# [Instructions to follow]
Reproduce all of the data exactly. Images are not to appear in the reply.

# [Data extract]
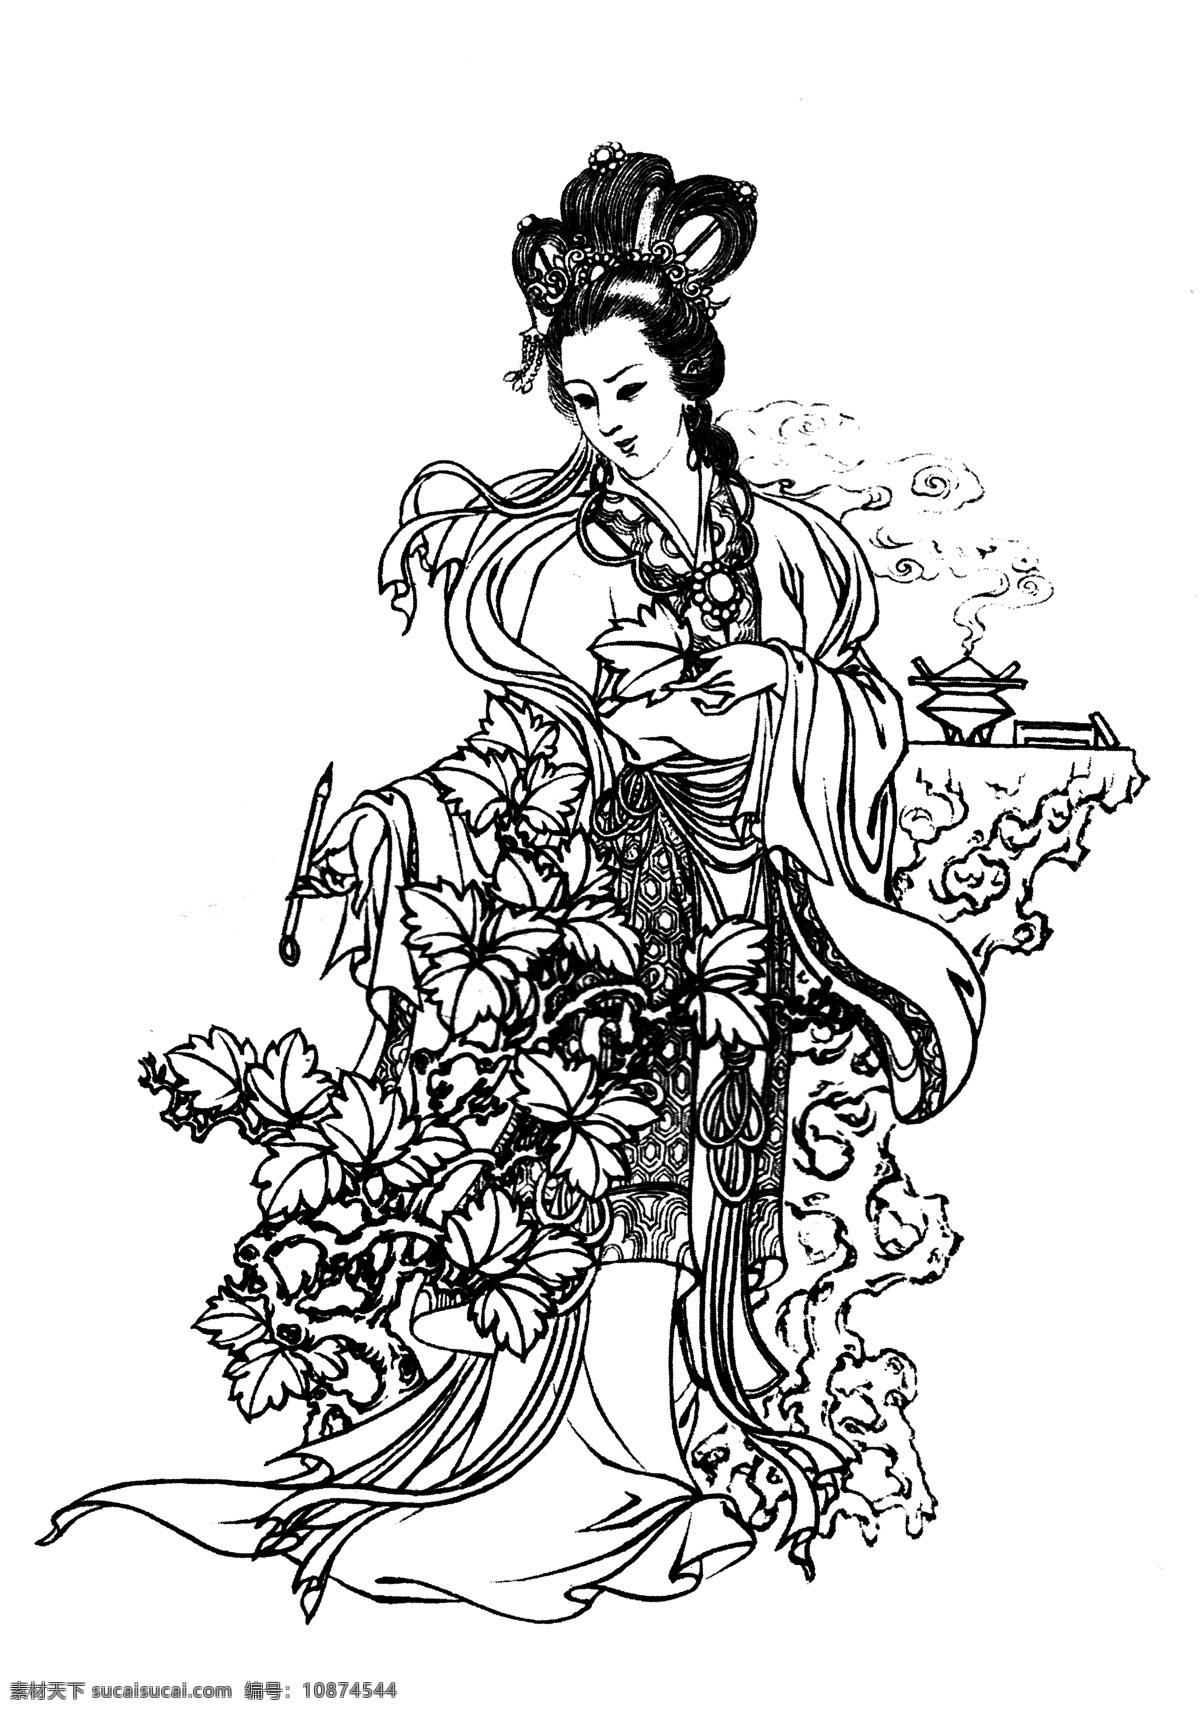 红叶题诗 白描 图案 绘画 古典 传统纹样 人物 神话传说 仕女 传统文化 文化艺术
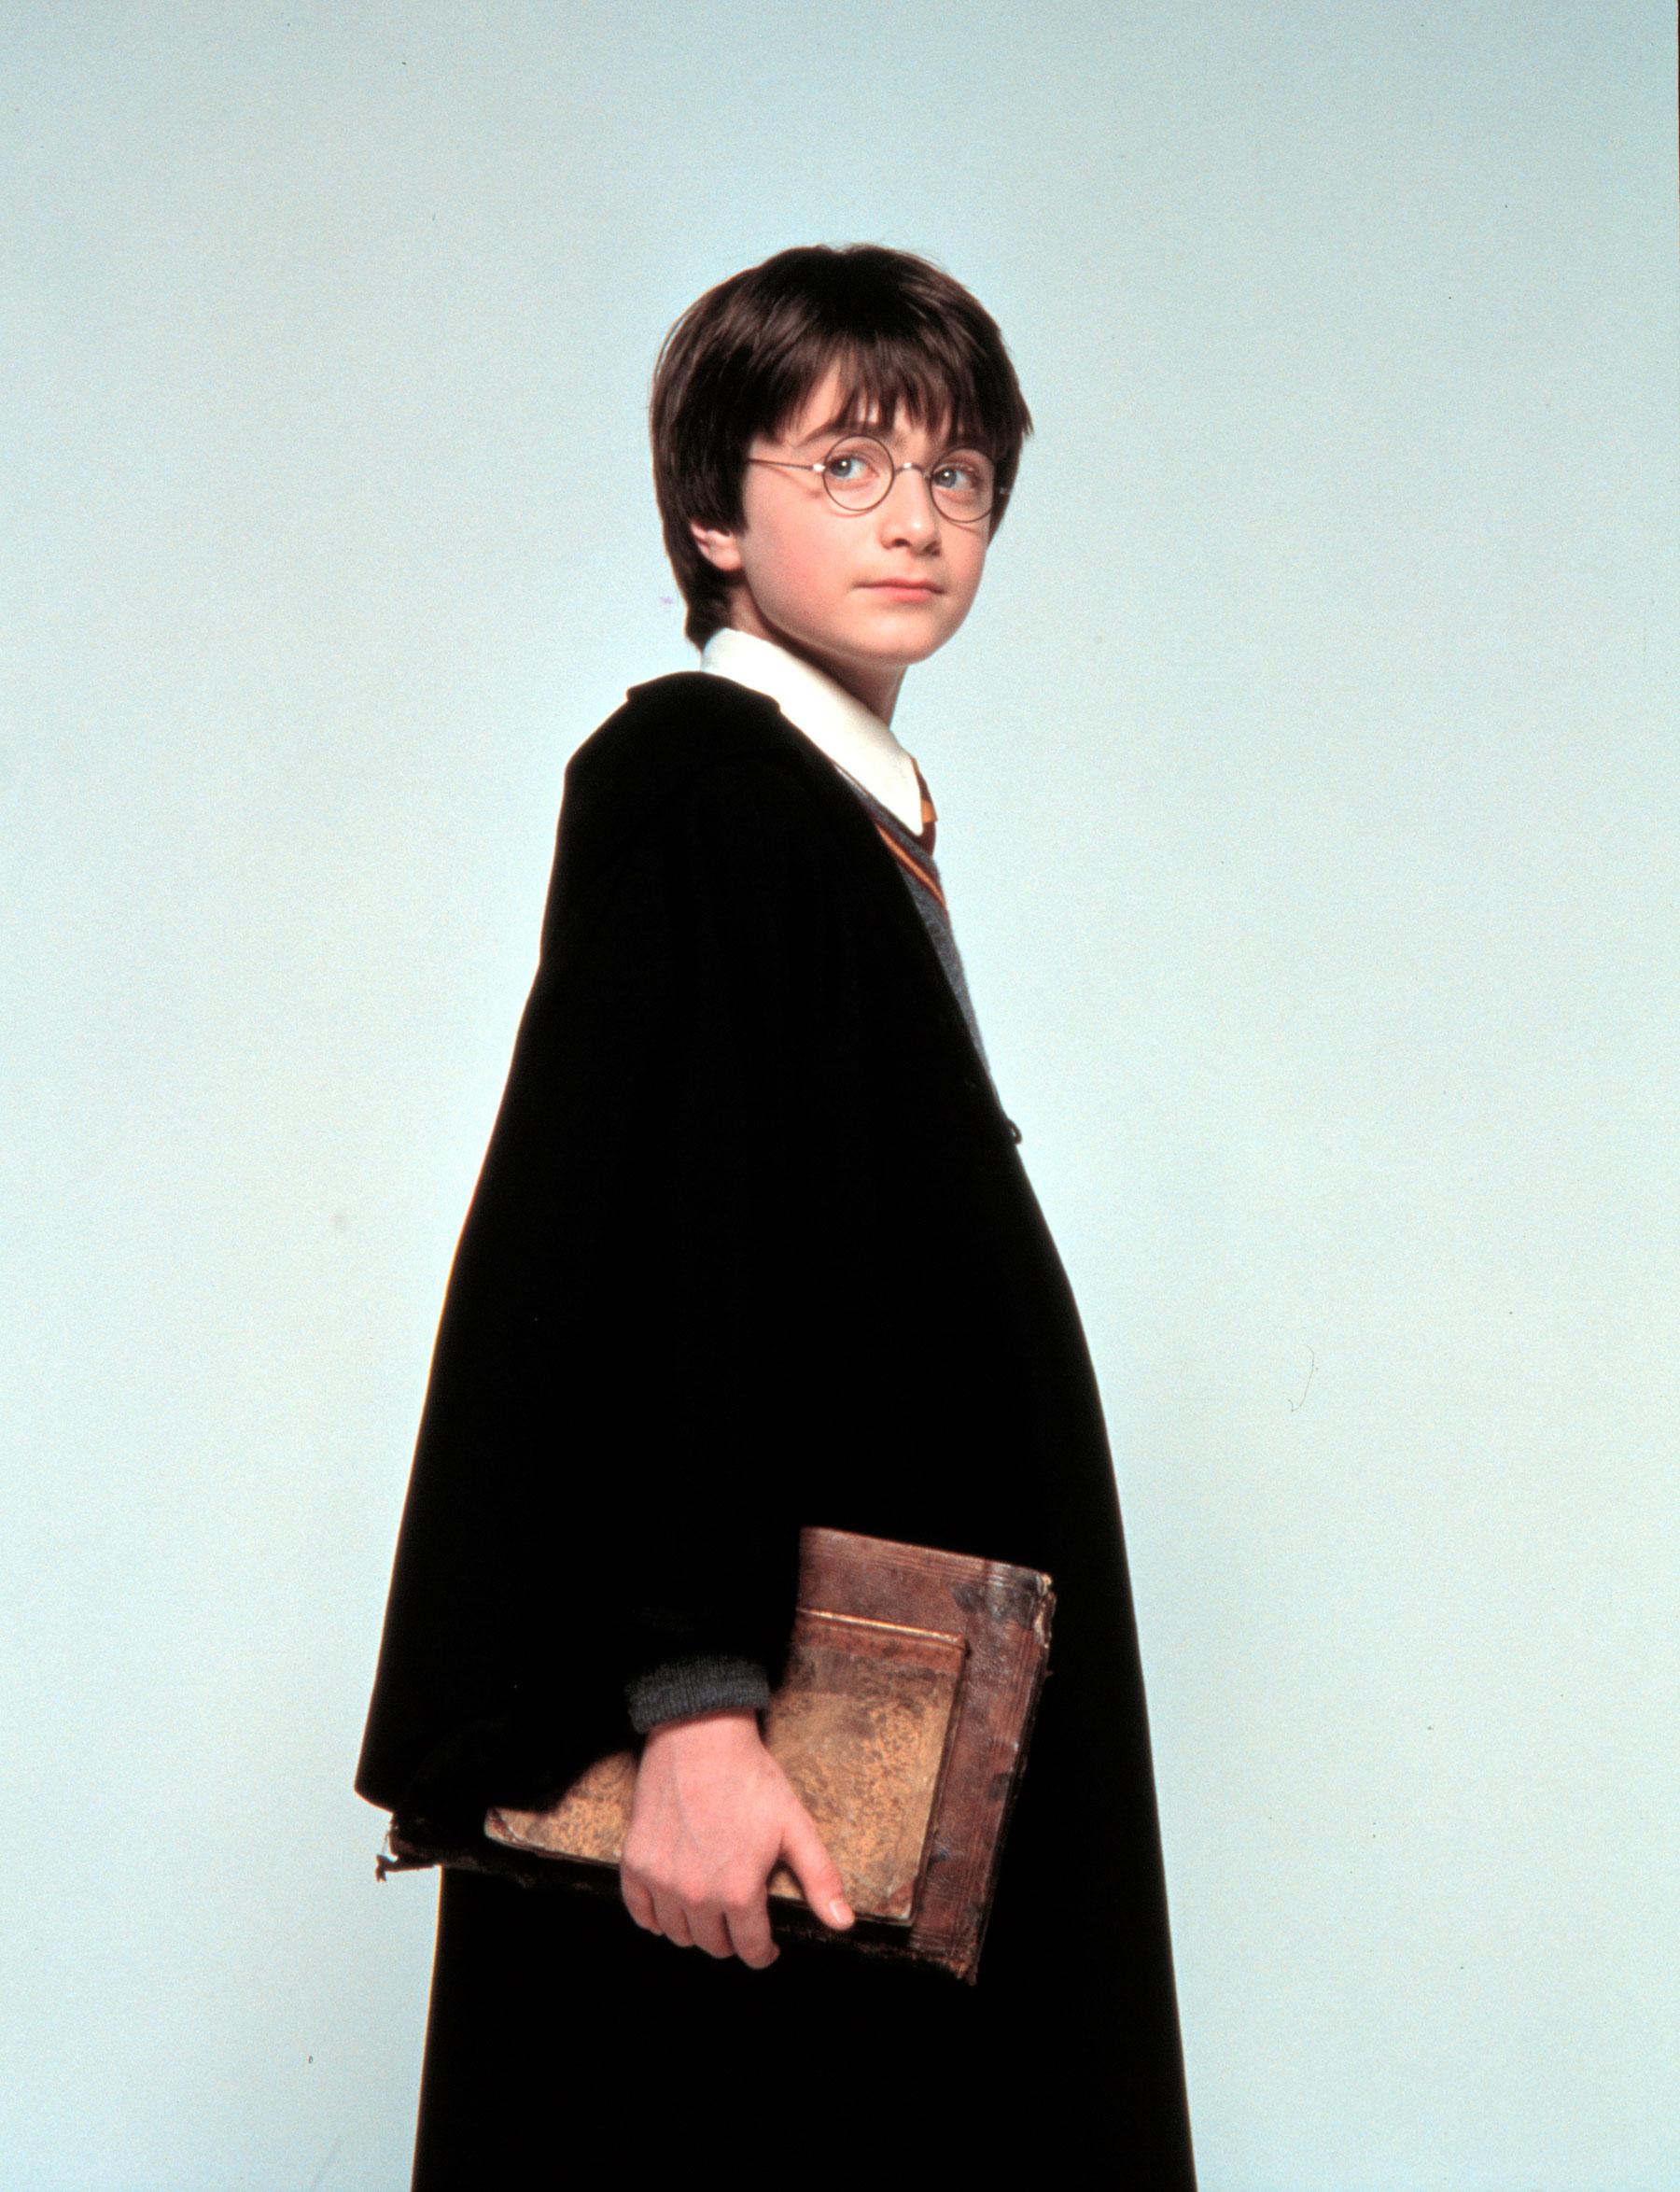 Daniel Radcliffe som ”Harry Potter”.
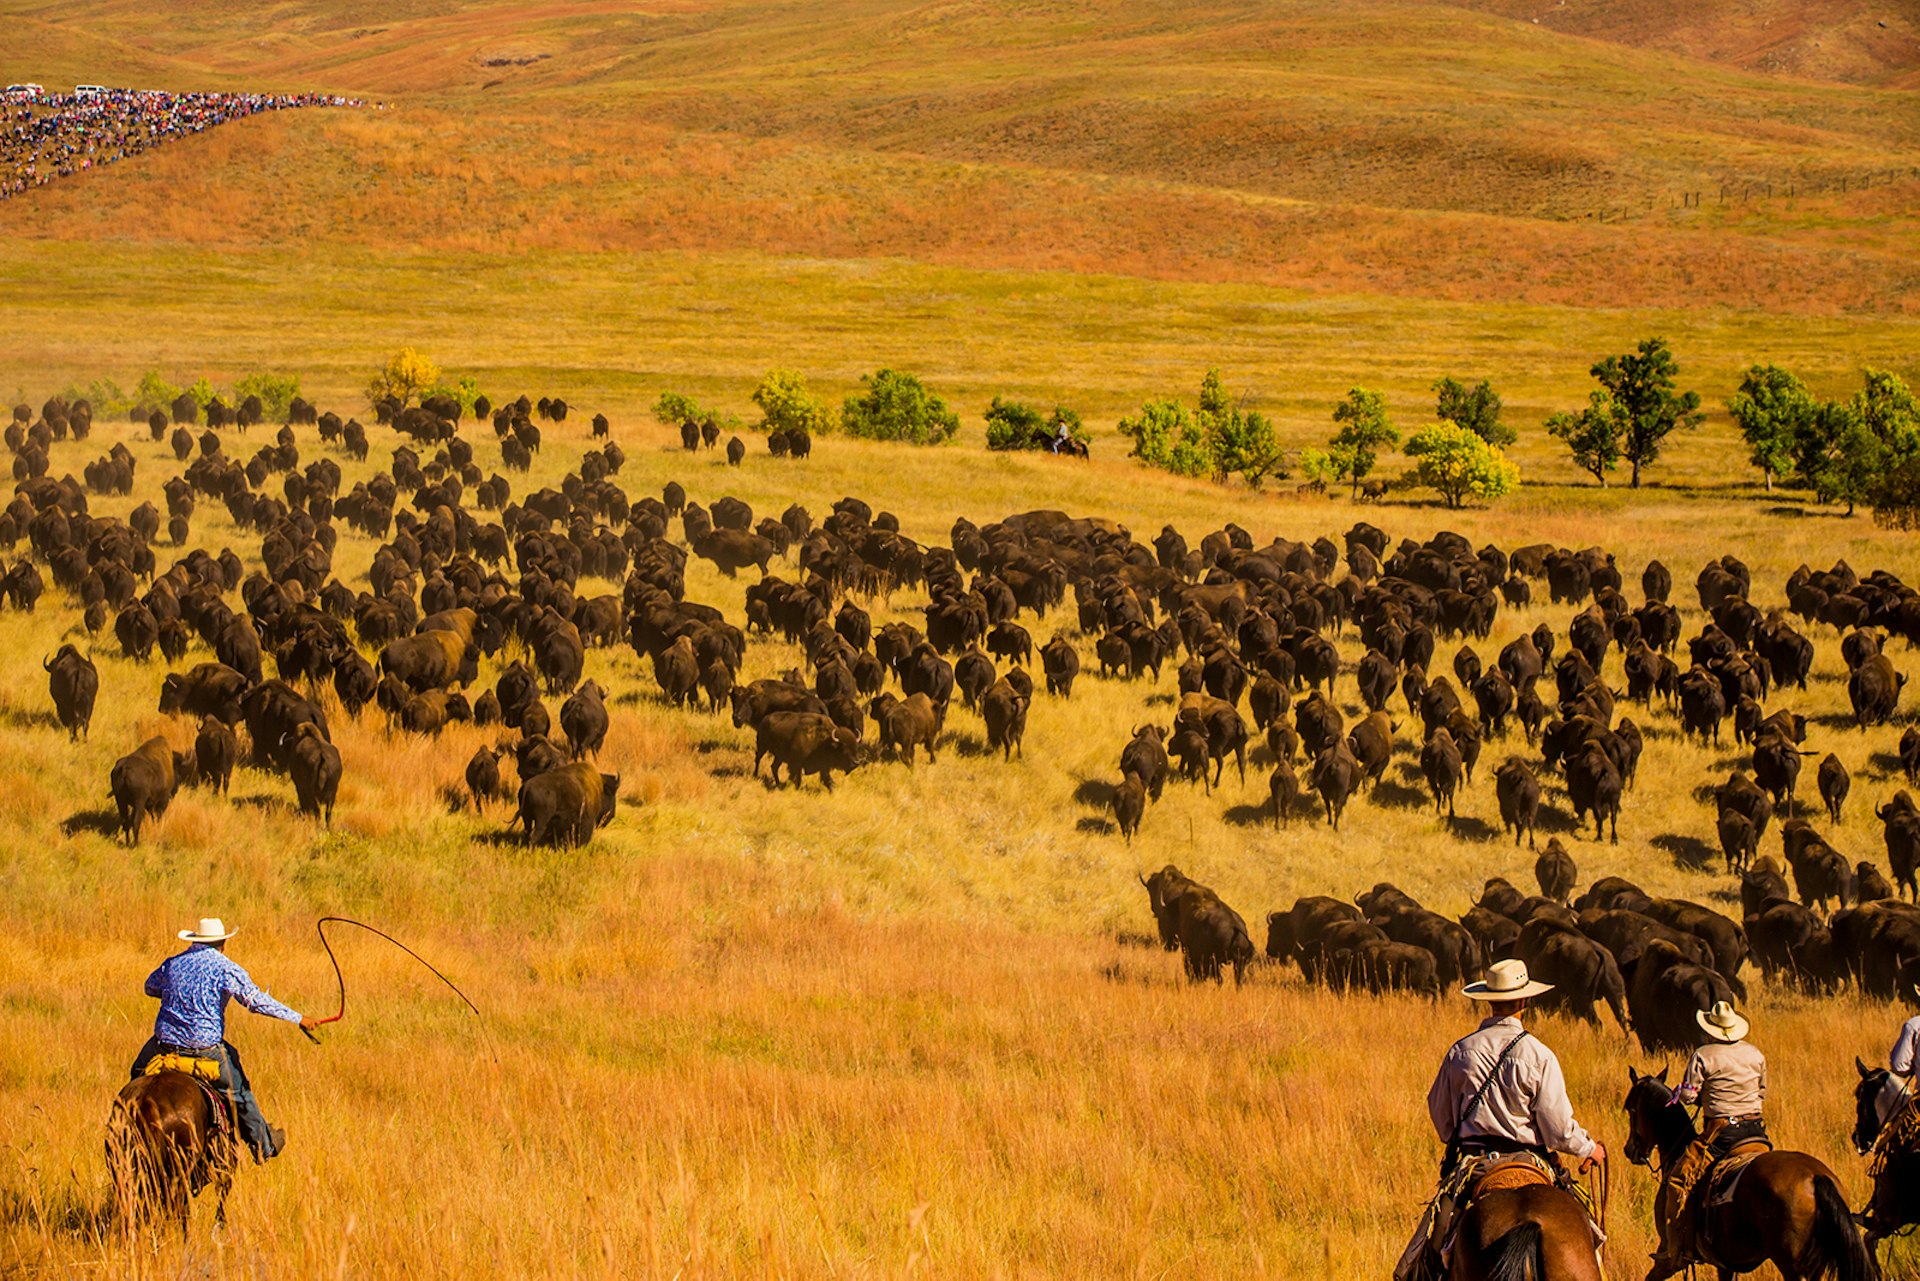 Cowboys herd American buffalo across an auburn plain
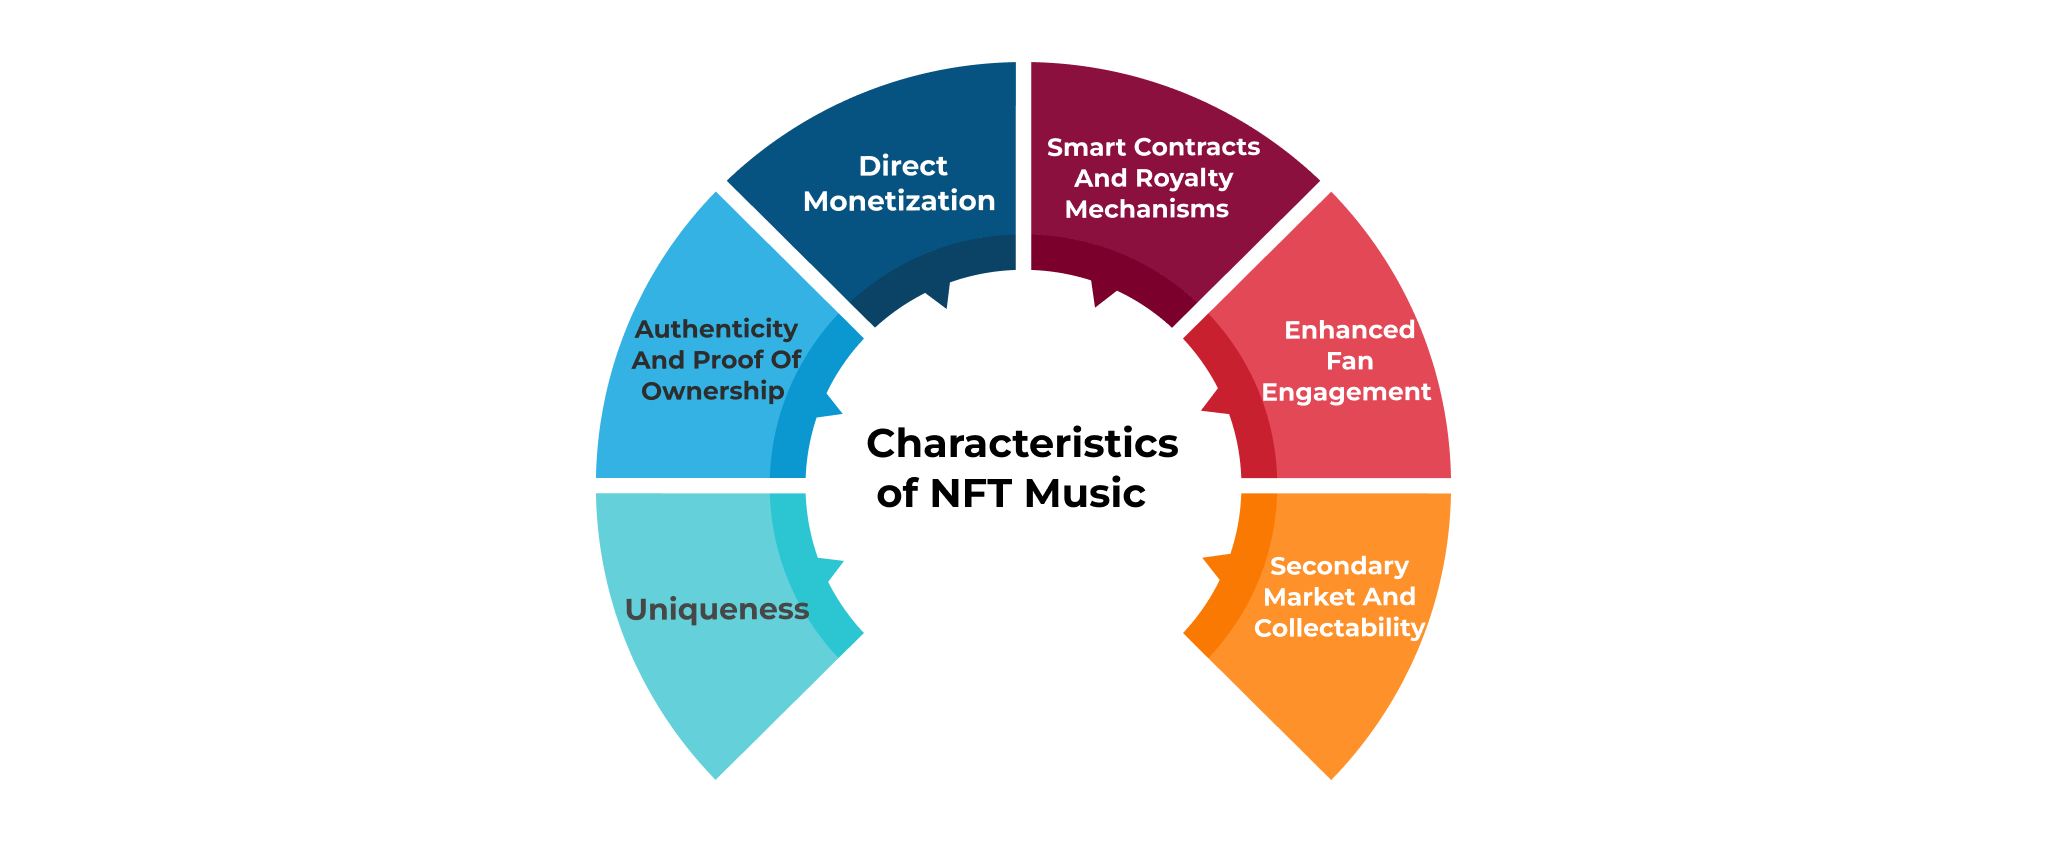 Key characteristics of NFT Music

# [Result]
 红叶题诗 白描 图案 绘画 古典 传统纹样 人物 神话传说 仕女 传统文化 文化艺术
 Daniel Radcliffe som ”Harry Potter”.
 Cowboys herd American buffalo across an auburn plain
 Key characteristics of NFT Music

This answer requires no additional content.